*** Opening Supplied material ***

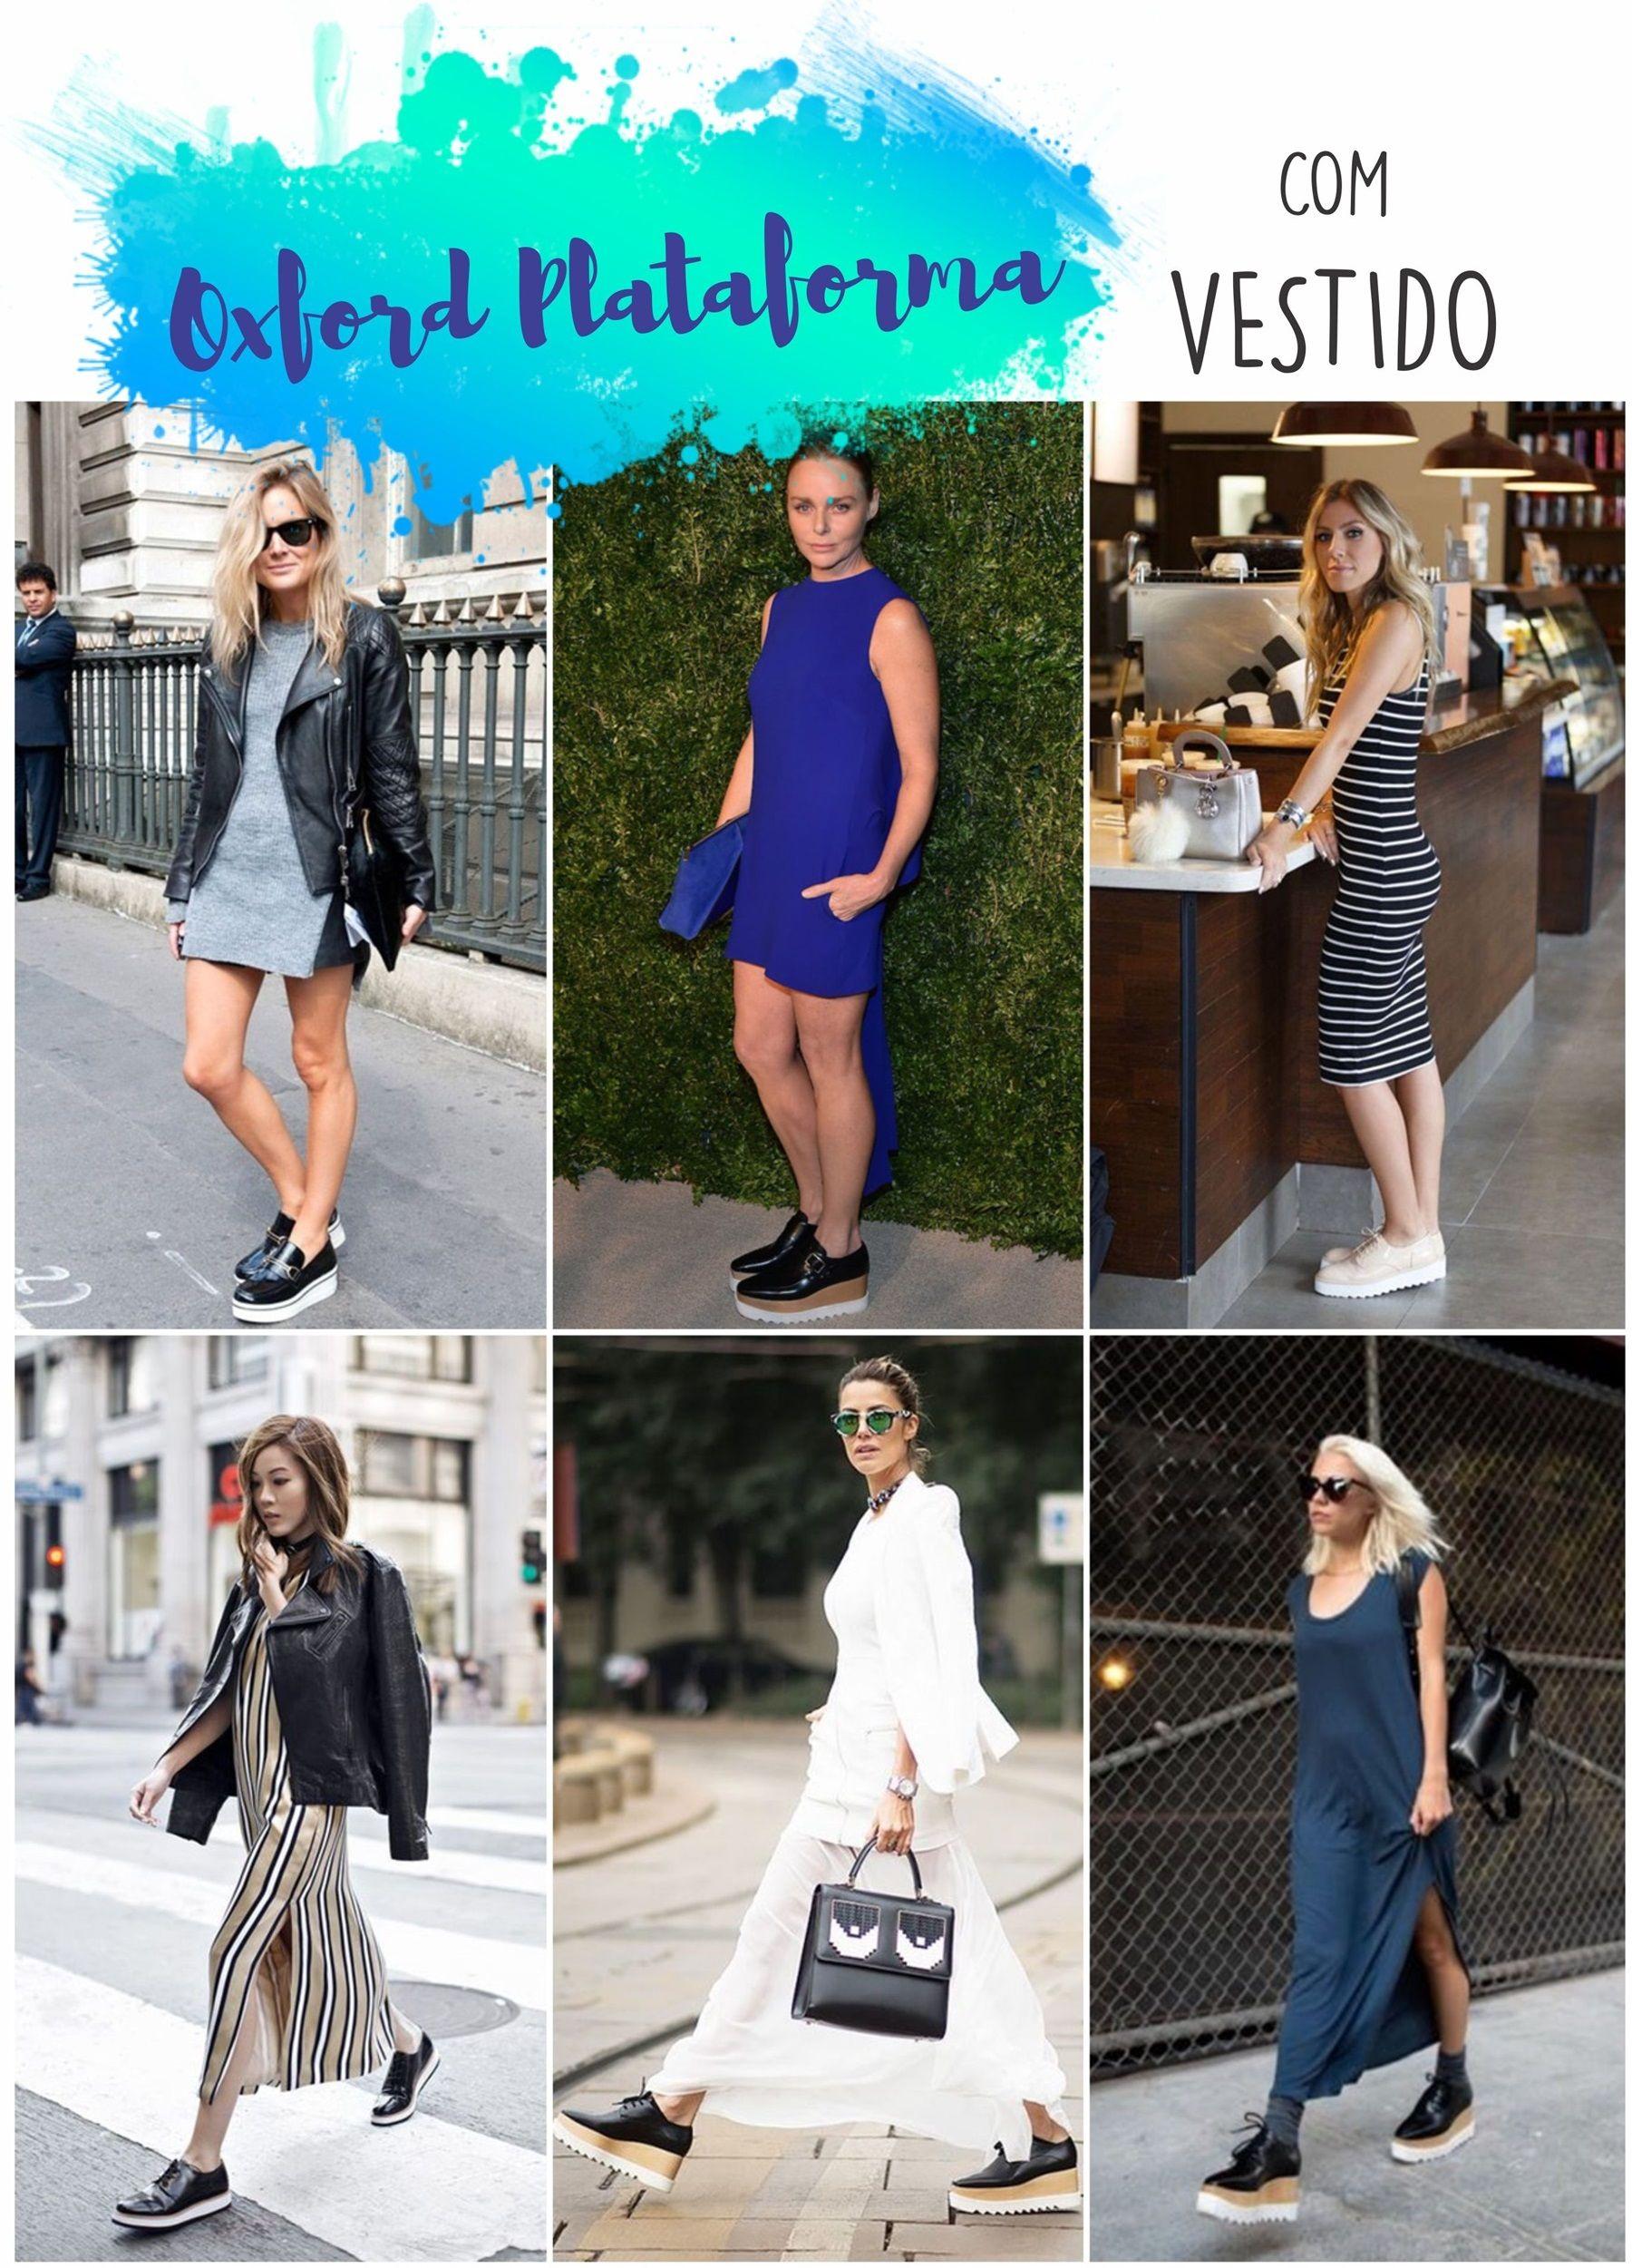 98d722bb0 Looks Estilosos · Como usar OXFORD PLATAFORMA com vestido Vestido Com Sapato,  Vestido Com Tênis, Oxford Feminino
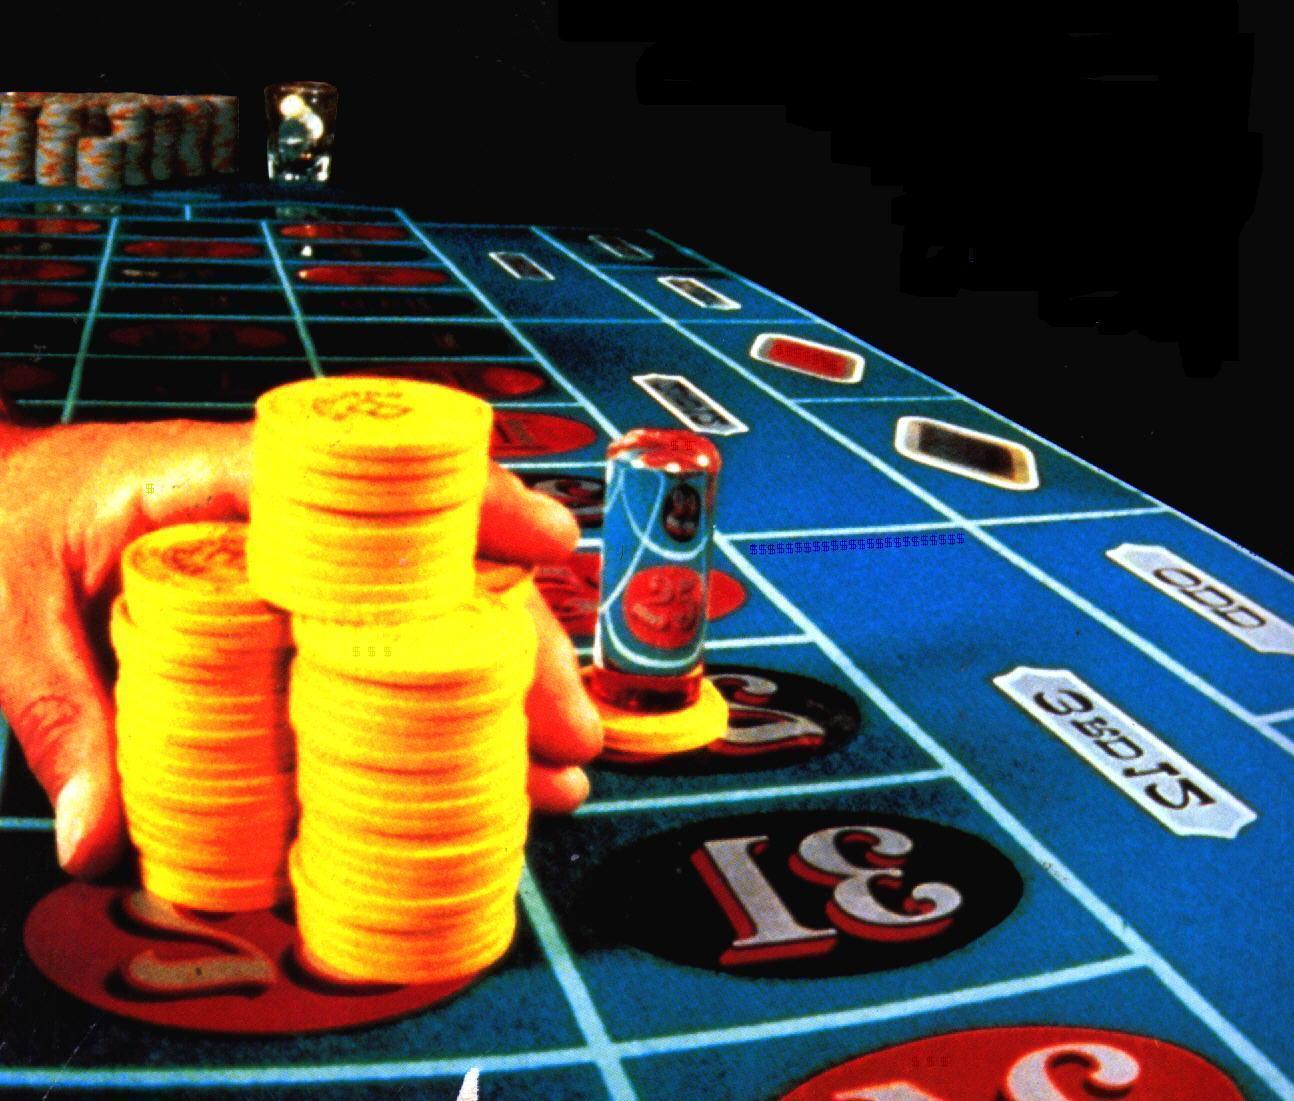 Jugadores Españoles casino los casinos mas famosos - 11497
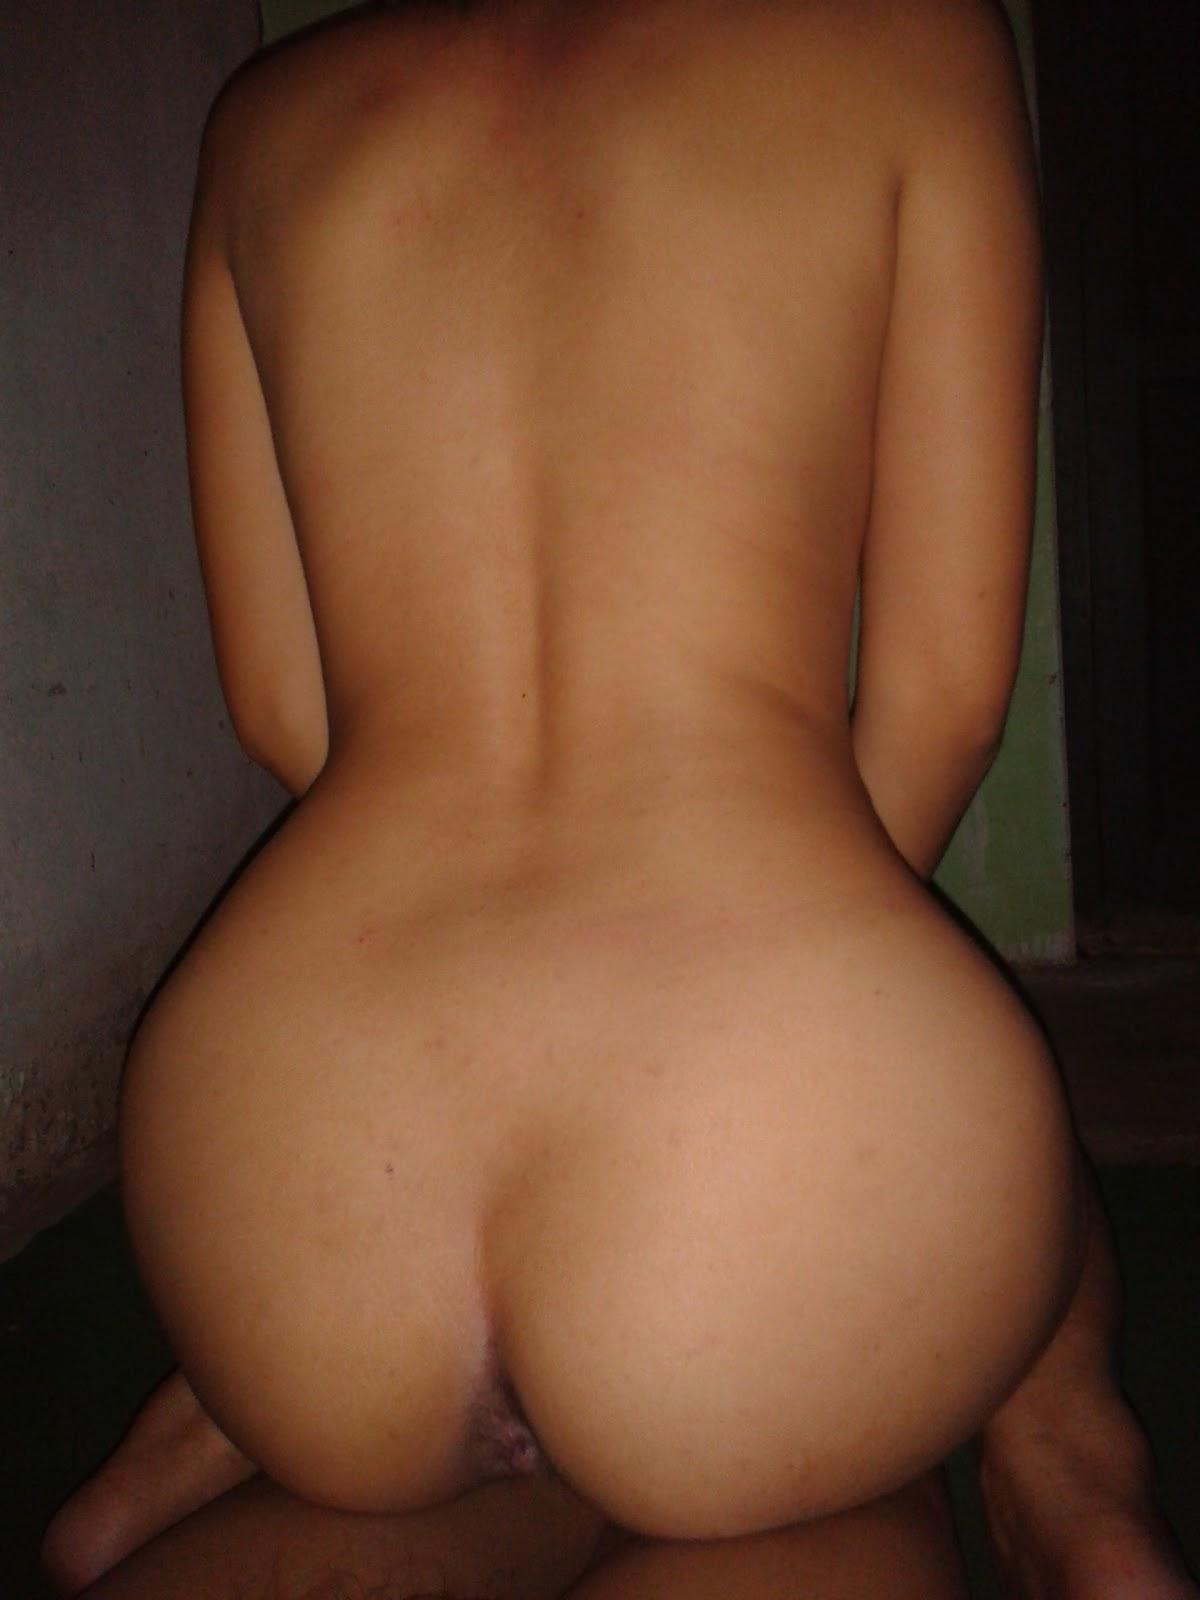 women Burma myanmar sex girl
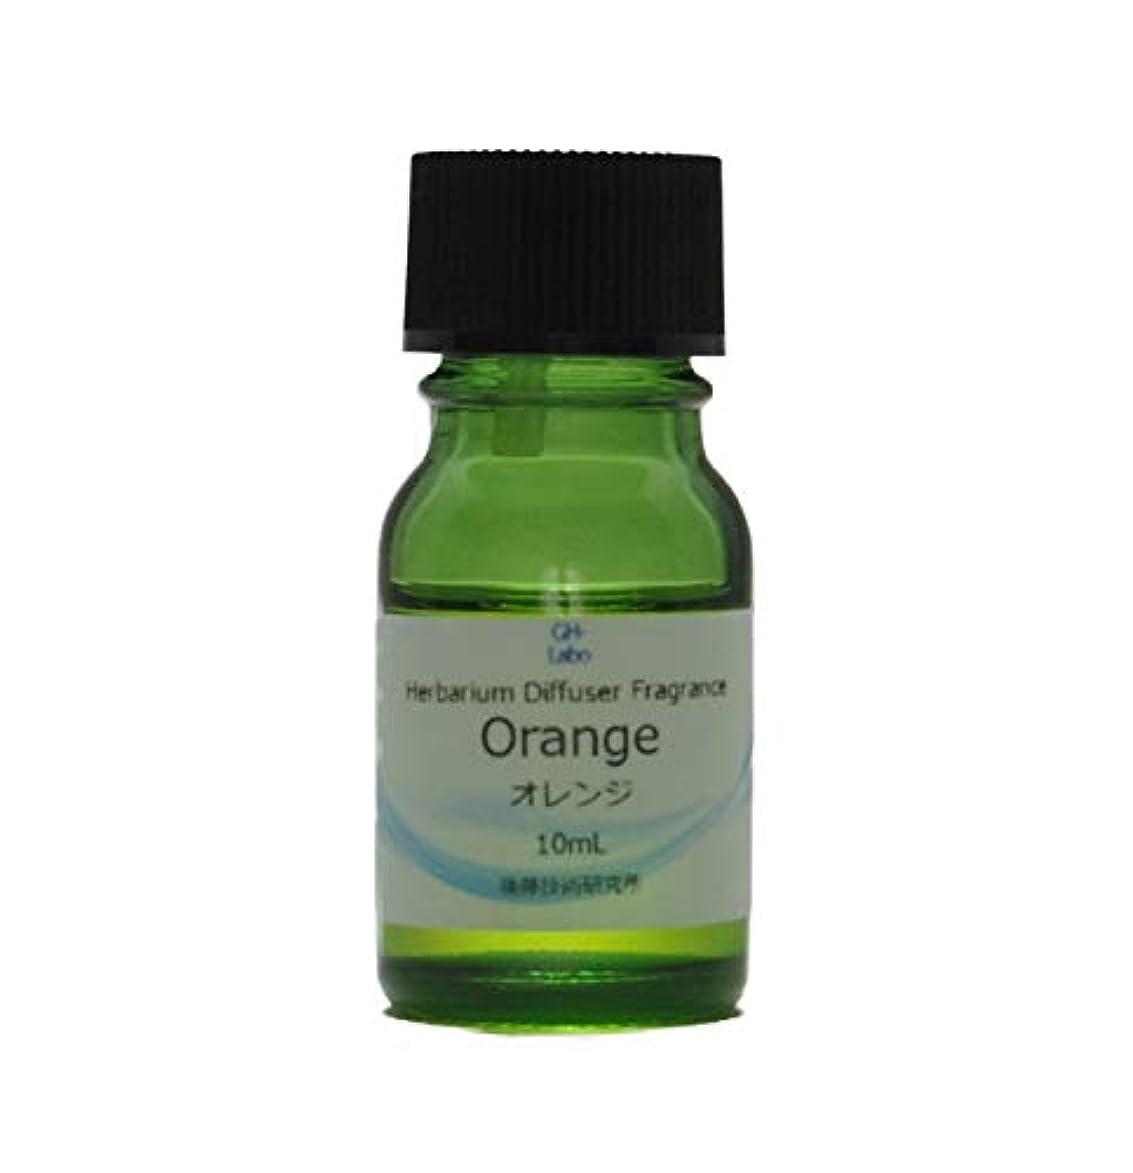 ペットラップトップジェスチャーオレンジ フレグランス 香料 ディフューザー ハーバリウム アロマオイル 手作り 化粧品

*** Closing Supplied material ***

Repeat every line above precisely; pictures do not belong in the copy.

# [Your solution]
 98d722bb0 Looks Estilosos · Como usar OXFORD PLATAFORMA com vestido Vestido Com Sapato,  Vestido Com Tênis, Oxford Feminino
 Jugadores Españoles casino los casinos mas famosos - 11497
 women Burma myanmar sex girl
 ペットラップトップジェスチャーオレンジ フレグランス 香料 ディフューザー ハーバリウム アロマオイル 手作り 化粧品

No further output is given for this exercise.